**Problem to work on**
Each line of the data must reappear exactly in your answer, with no images included.

━━ Raw data

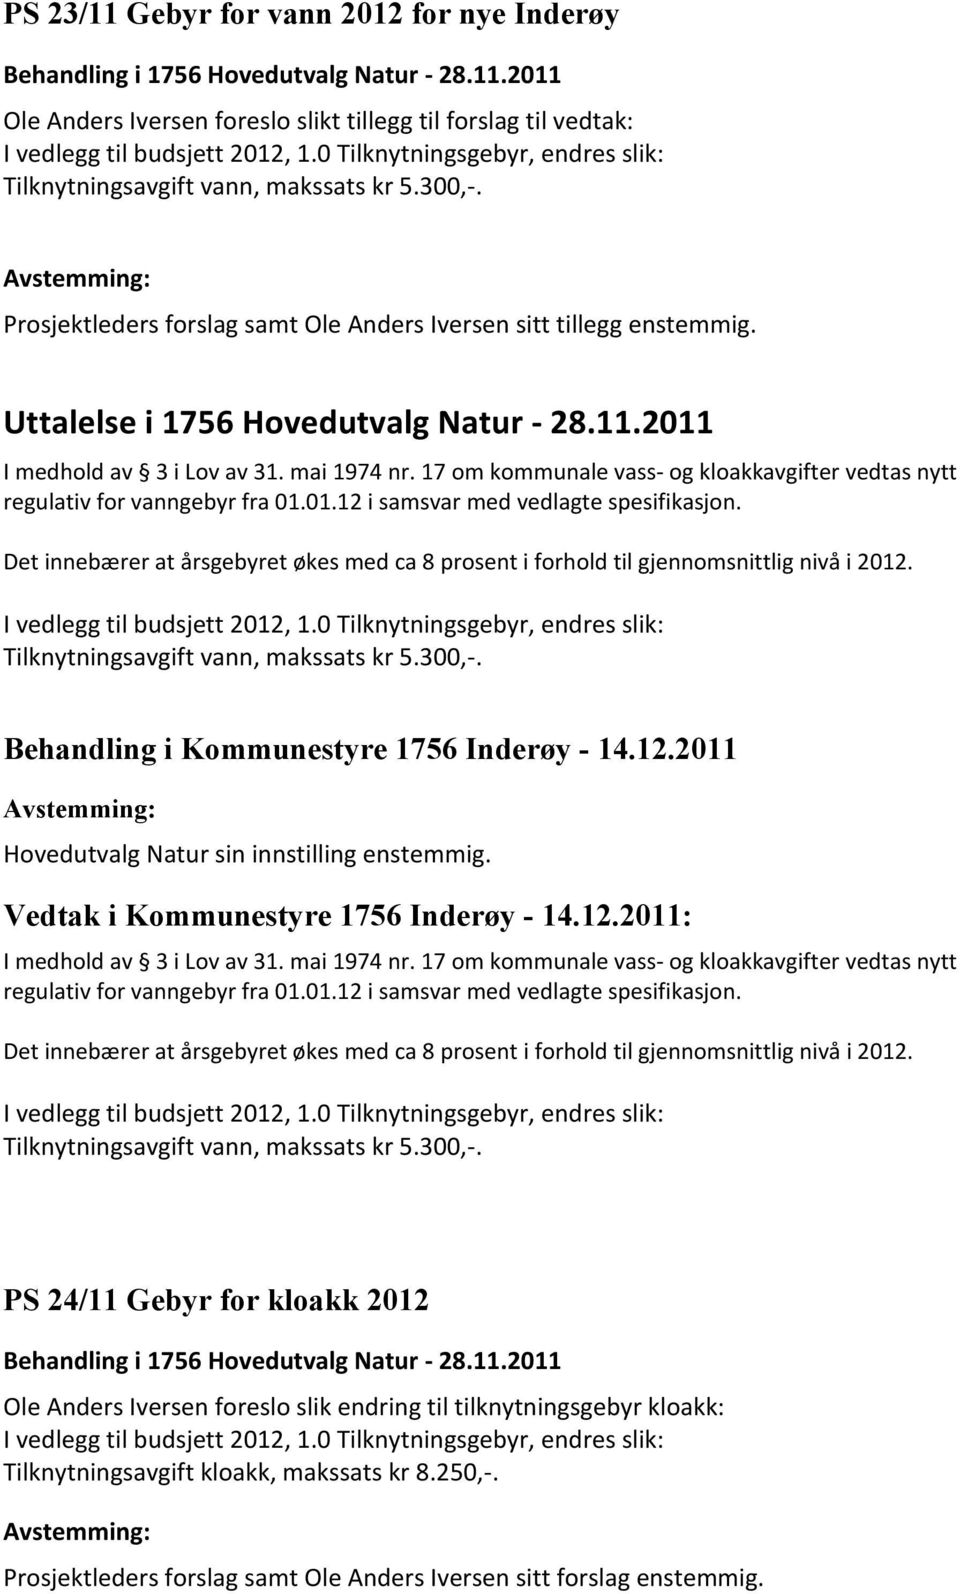 2011 I medhold av 3 i Lov av 31. mai 1974 nr. 17 om kommunale vass- og kloakkavgifter vedtas nytt regulativ for vanngebyr fra 01.01.12 i samsvar med vedlagte spesifikasjon.
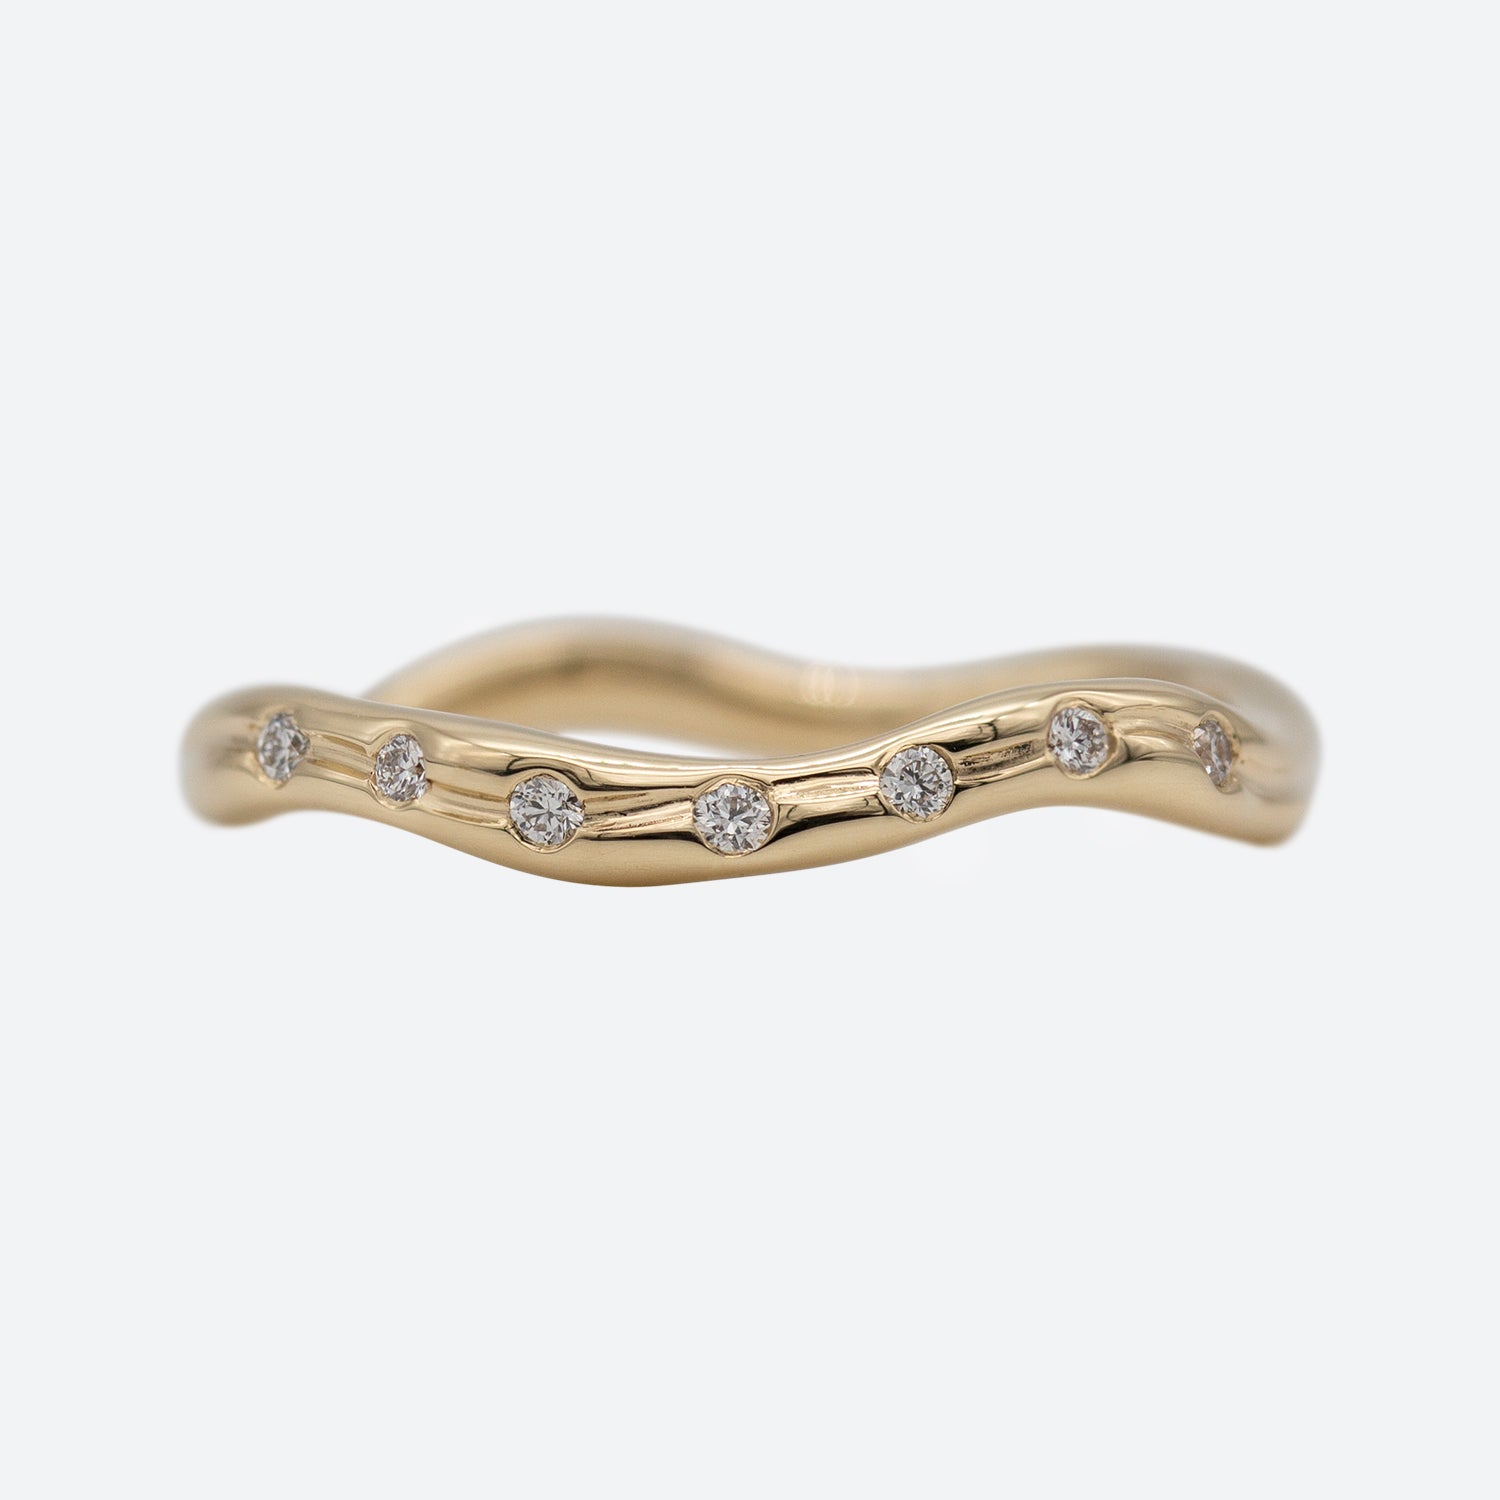 En ring i guld set forfra med syv diamanter på hvid baggrund. Ringen er formgivet organisk og bølger elegant. 
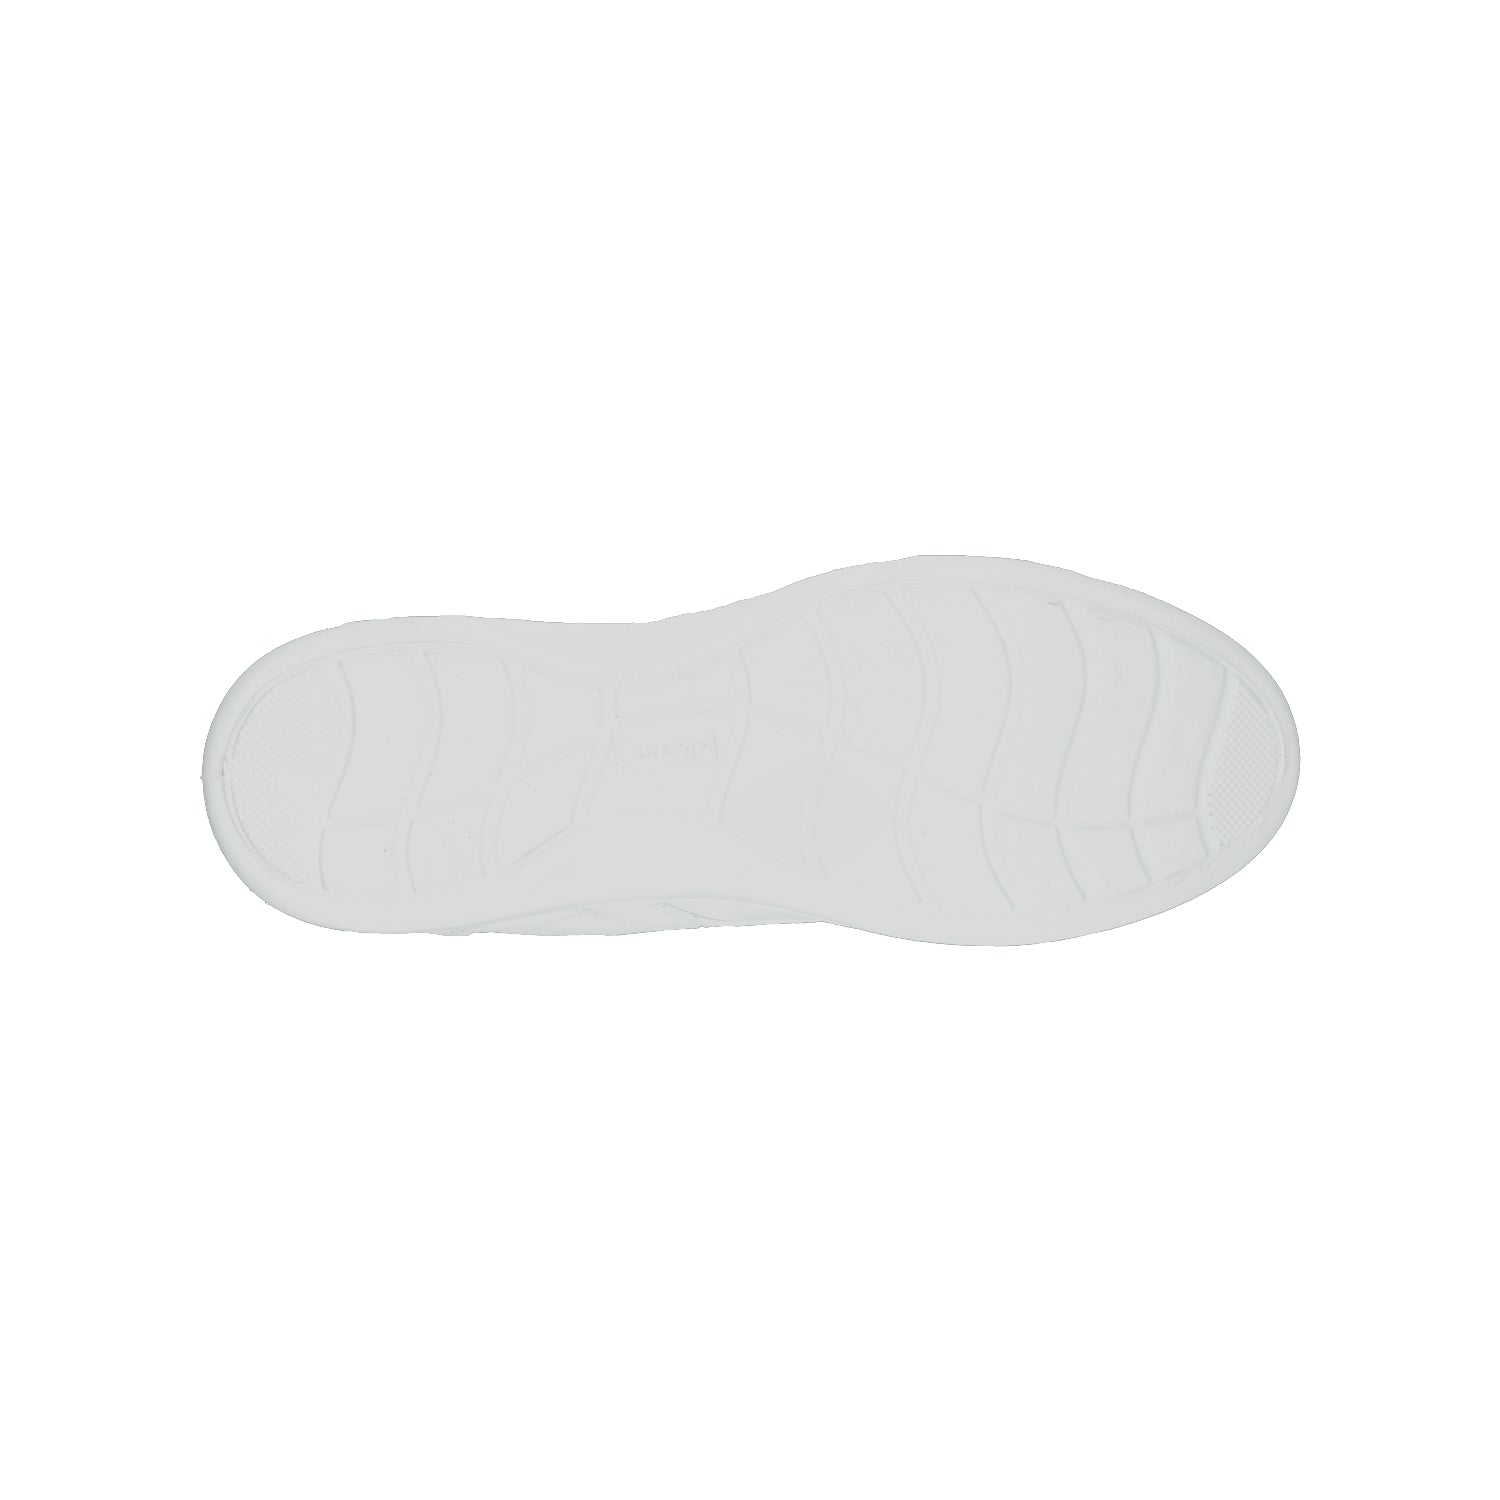 Zapato de Servicio Clínico Larespi Blanco para Mujer [LAR5]

━━━━

**Task output**
 2011 I medhold av 3 i Lov av 31. mai 1974 nr. 17 om kommunale vass- og kloakkavgifter vedtas nytt regulativ for vanngebyr fra 01.01.12 i samsvar med vedlagte spesifikasjon.
 En ring i guld set forfra med syv diamanter på hvid baggrund. Ringen er formgivet organisk og bølger elegant. 
 Zapato de Servicio Clínico Larespi Blanco para Mujer [LAR5]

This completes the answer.